__Problem__.
Search the listing below for the line with "Italian 90° Minuto", then write out that line and every one after it exactly, without the pictures.

__Provided material__.
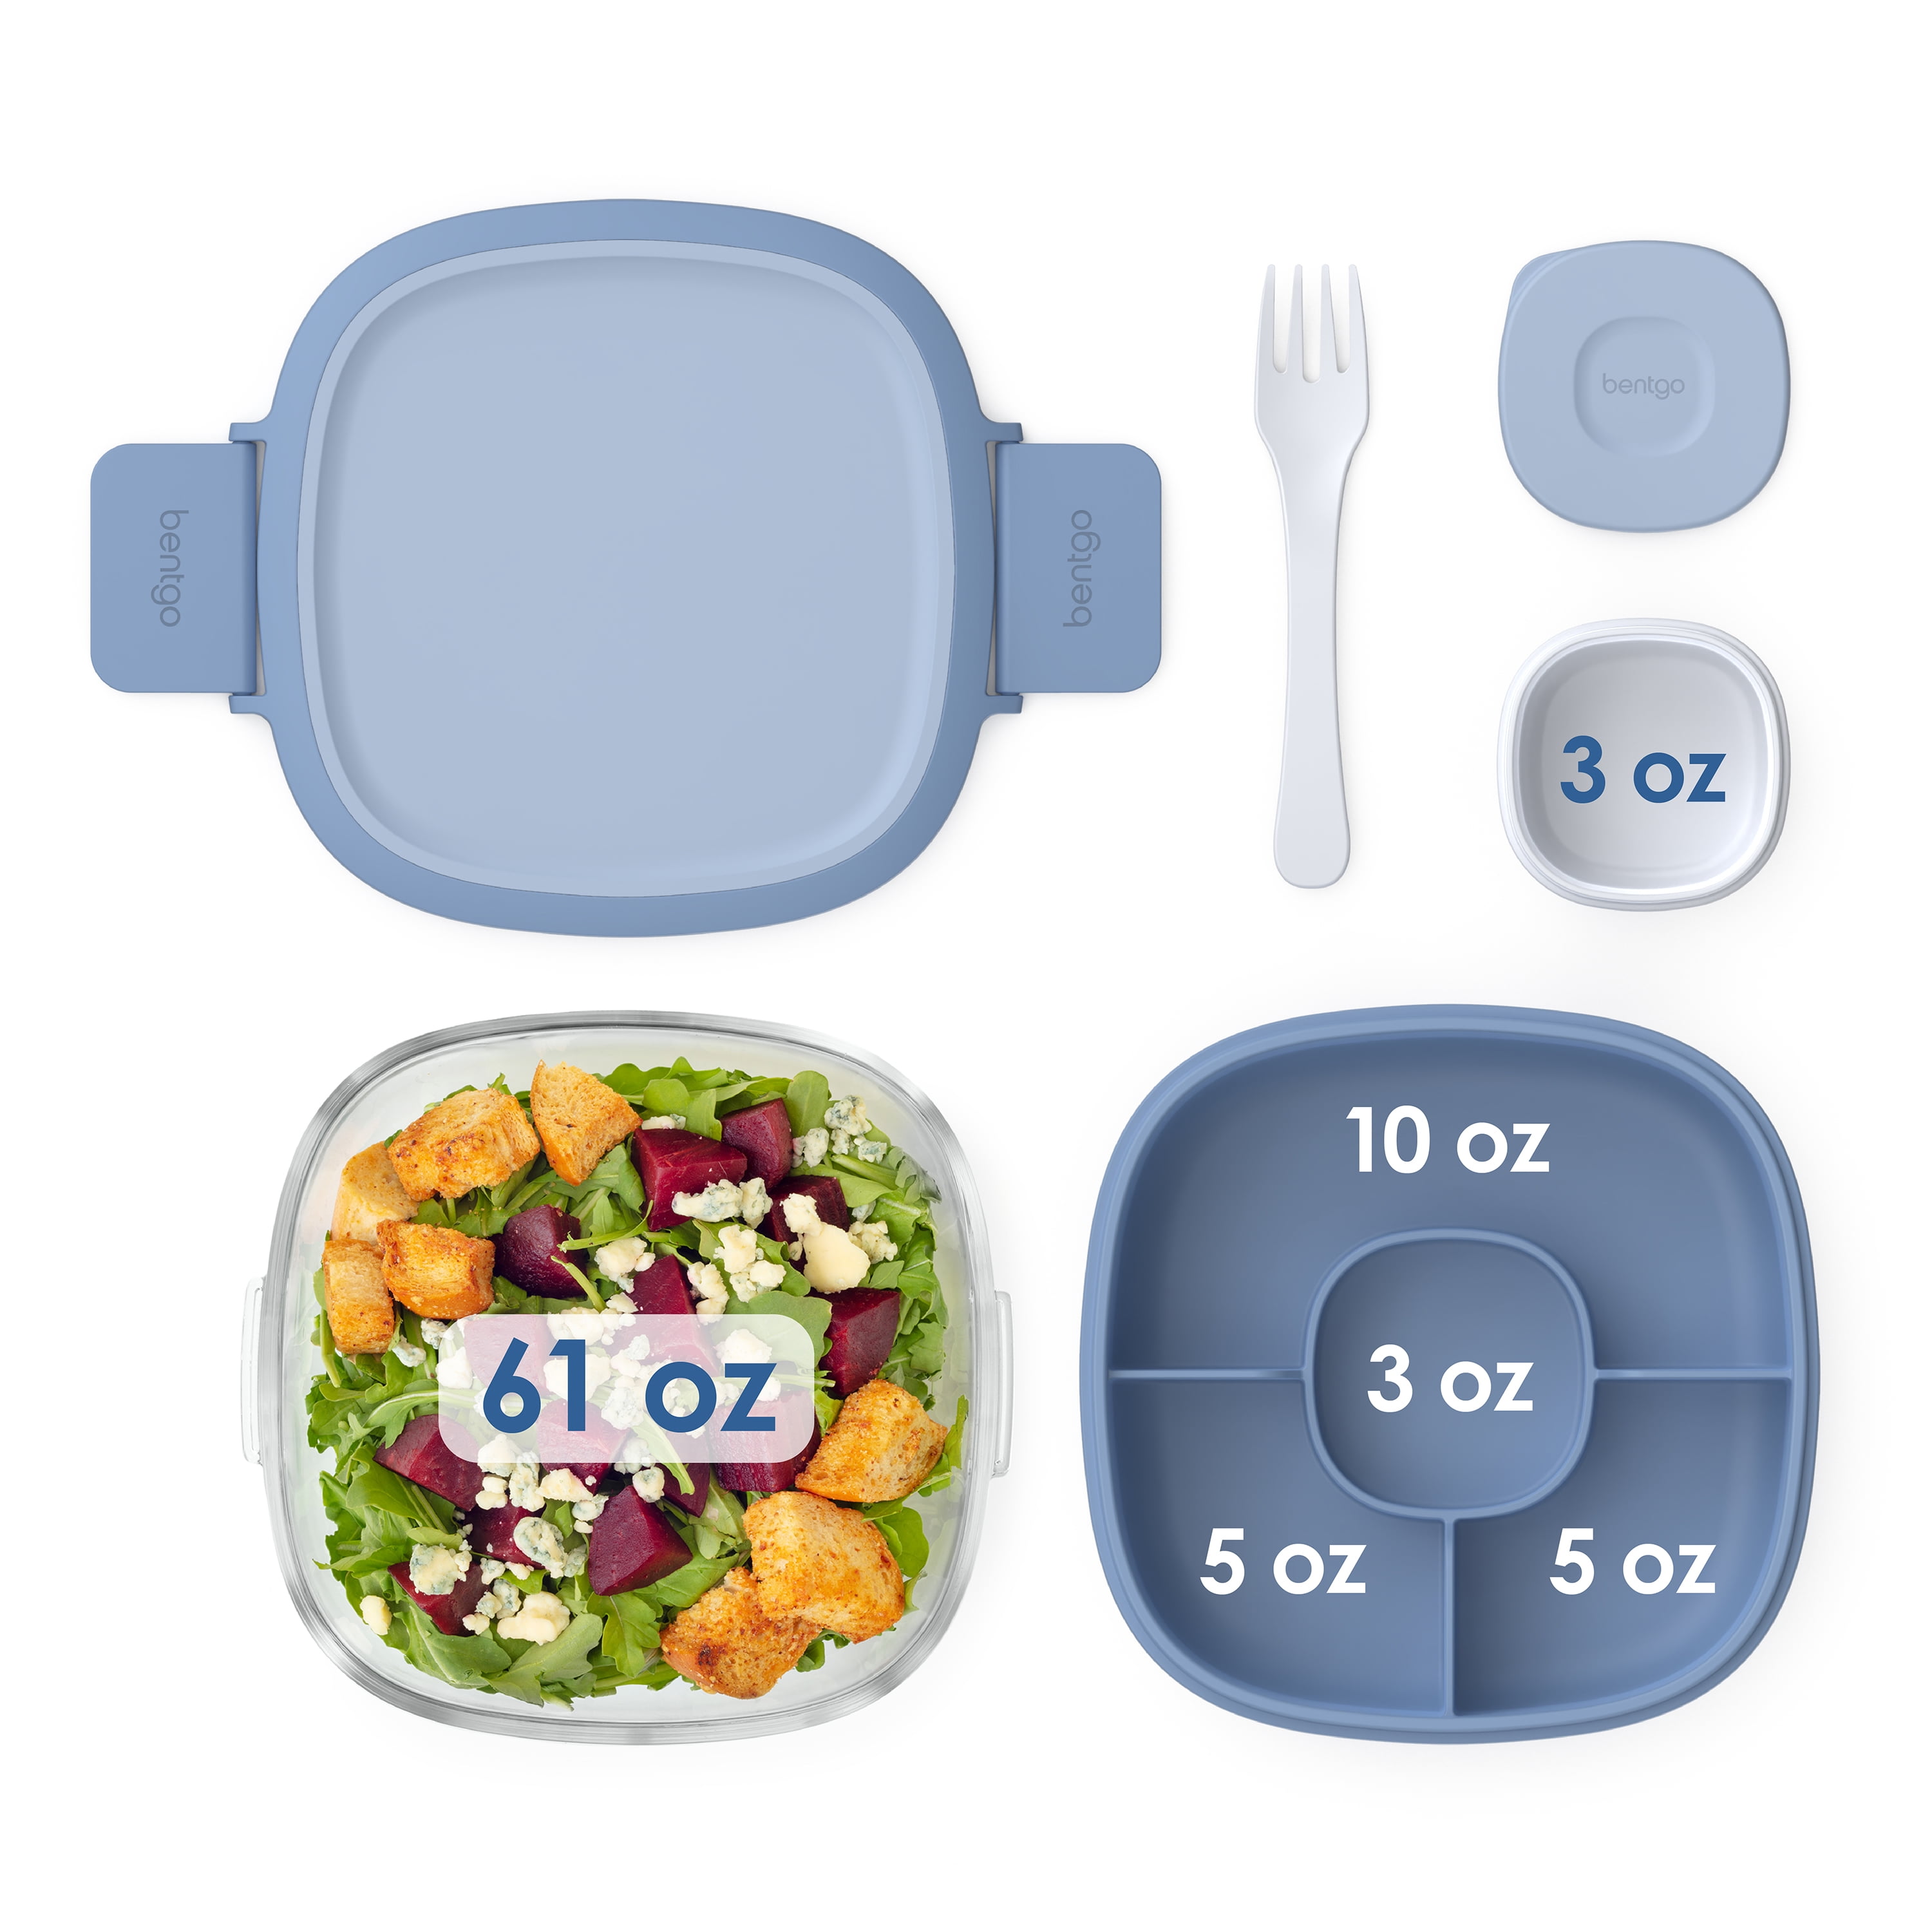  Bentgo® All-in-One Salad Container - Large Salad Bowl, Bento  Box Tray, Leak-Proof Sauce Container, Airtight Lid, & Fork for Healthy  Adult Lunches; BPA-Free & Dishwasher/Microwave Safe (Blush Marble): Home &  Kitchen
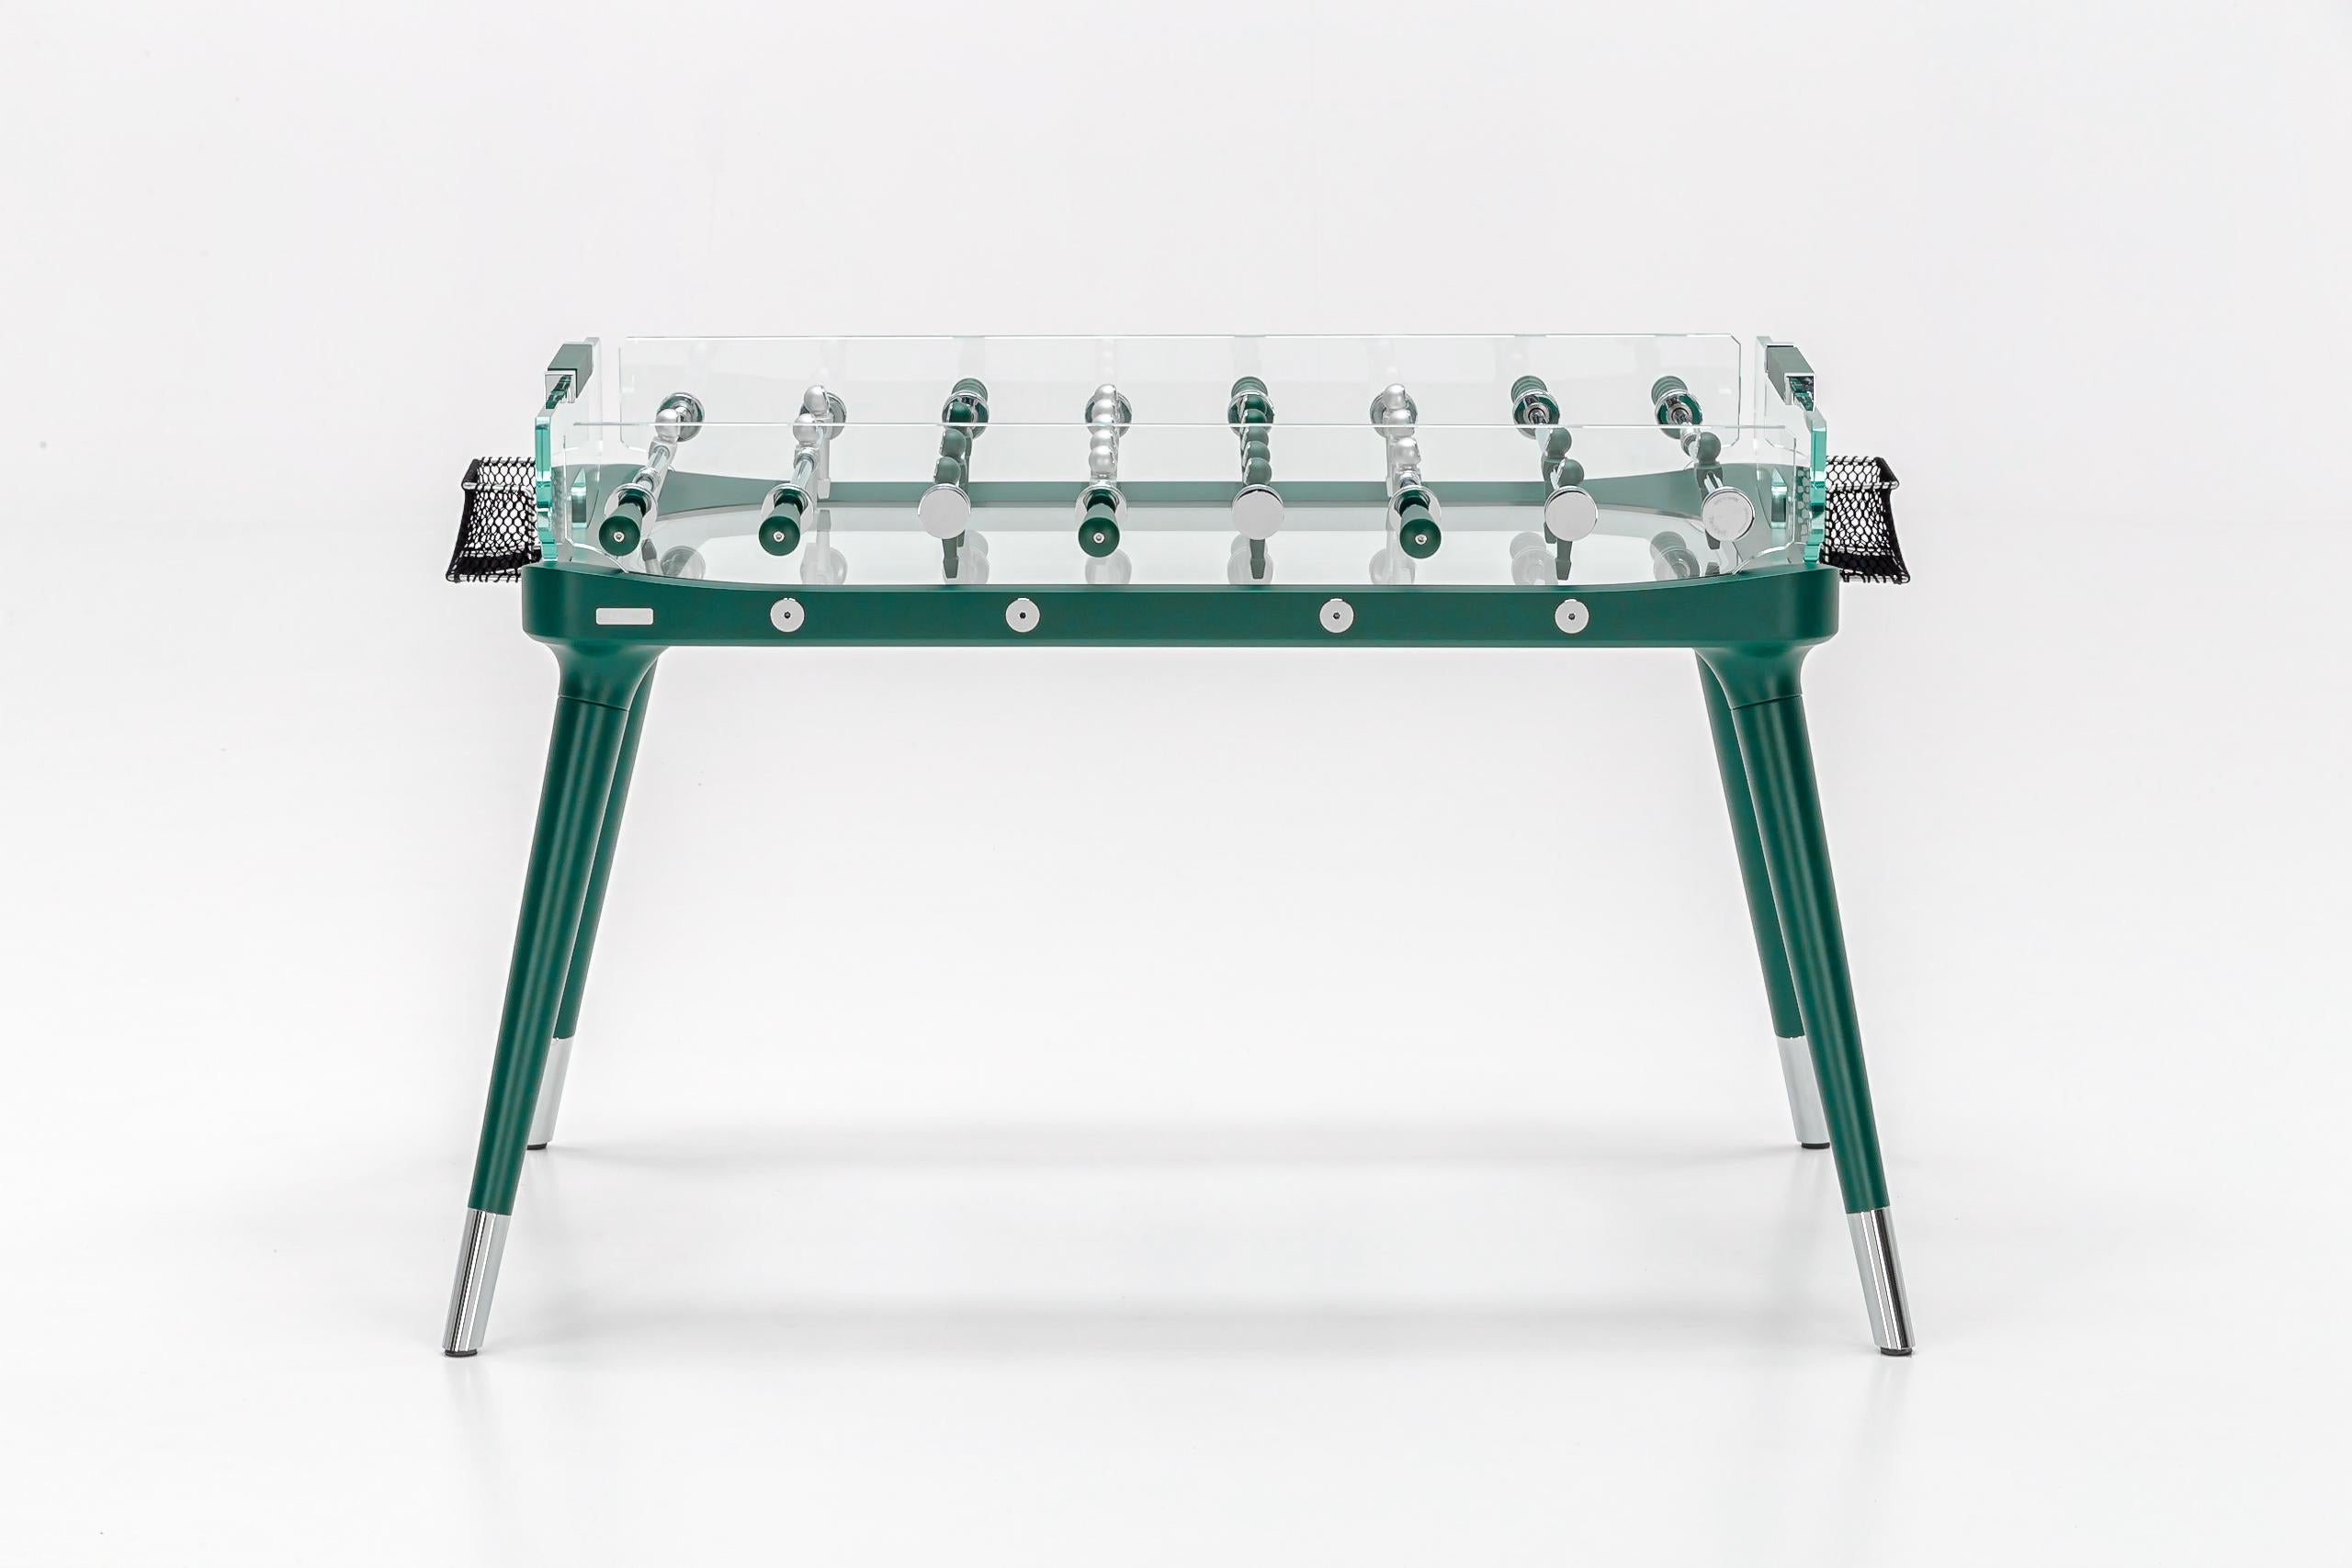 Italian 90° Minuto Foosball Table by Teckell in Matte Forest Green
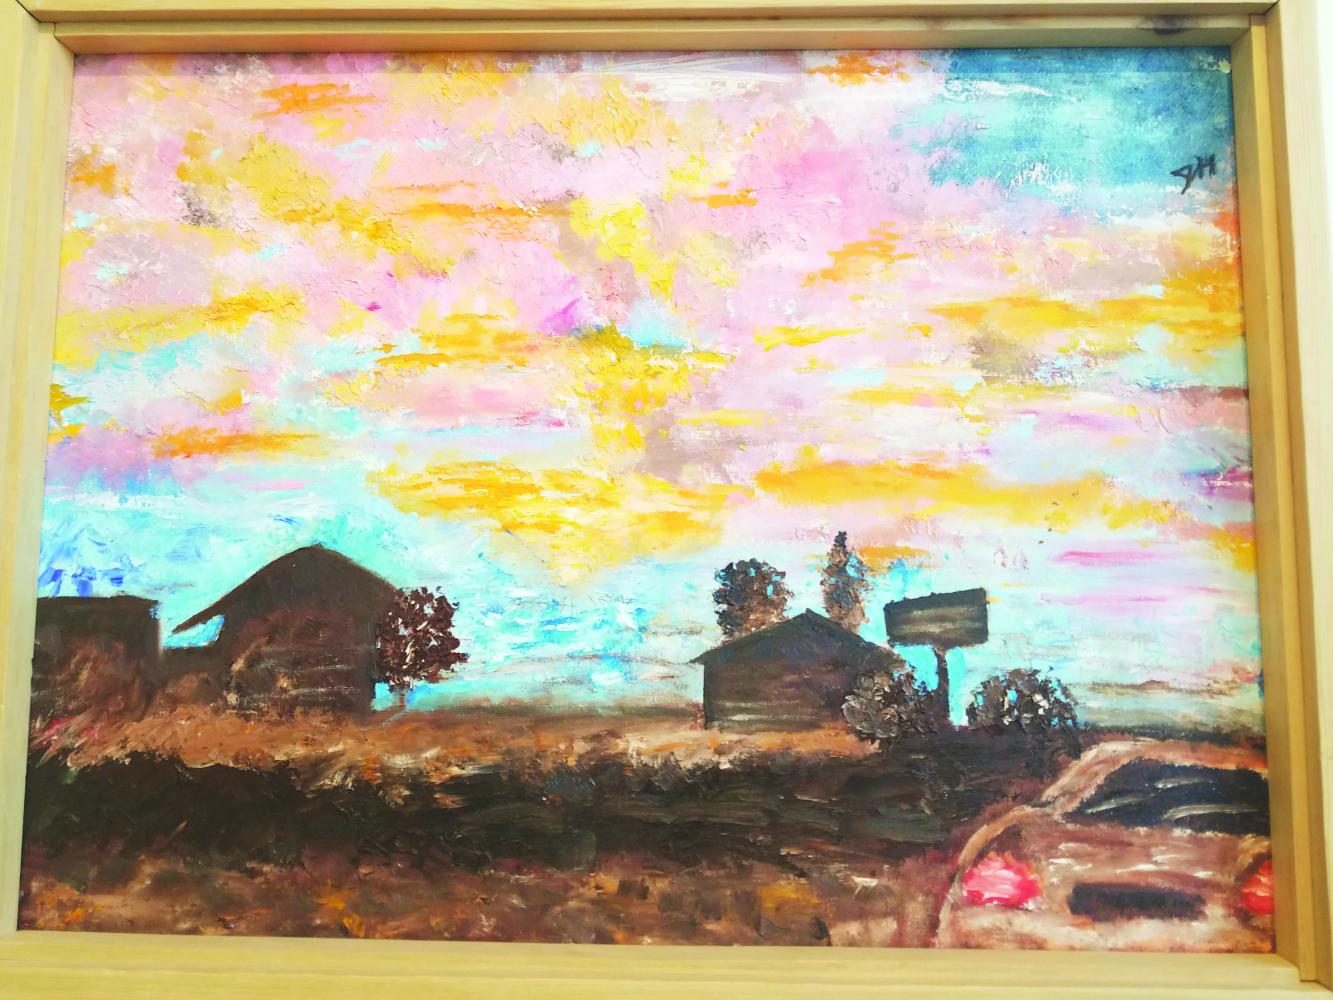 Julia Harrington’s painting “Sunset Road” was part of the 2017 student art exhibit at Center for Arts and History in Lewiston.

__Result of the exercise__.
 Italian 90° Minuto Foosball Table by Teckell in Matte Forest Green
 Julia Harrington’s painting “Sunset Road” was part of the 2017 student art exhibit at Center for Arts and History in Lewiston.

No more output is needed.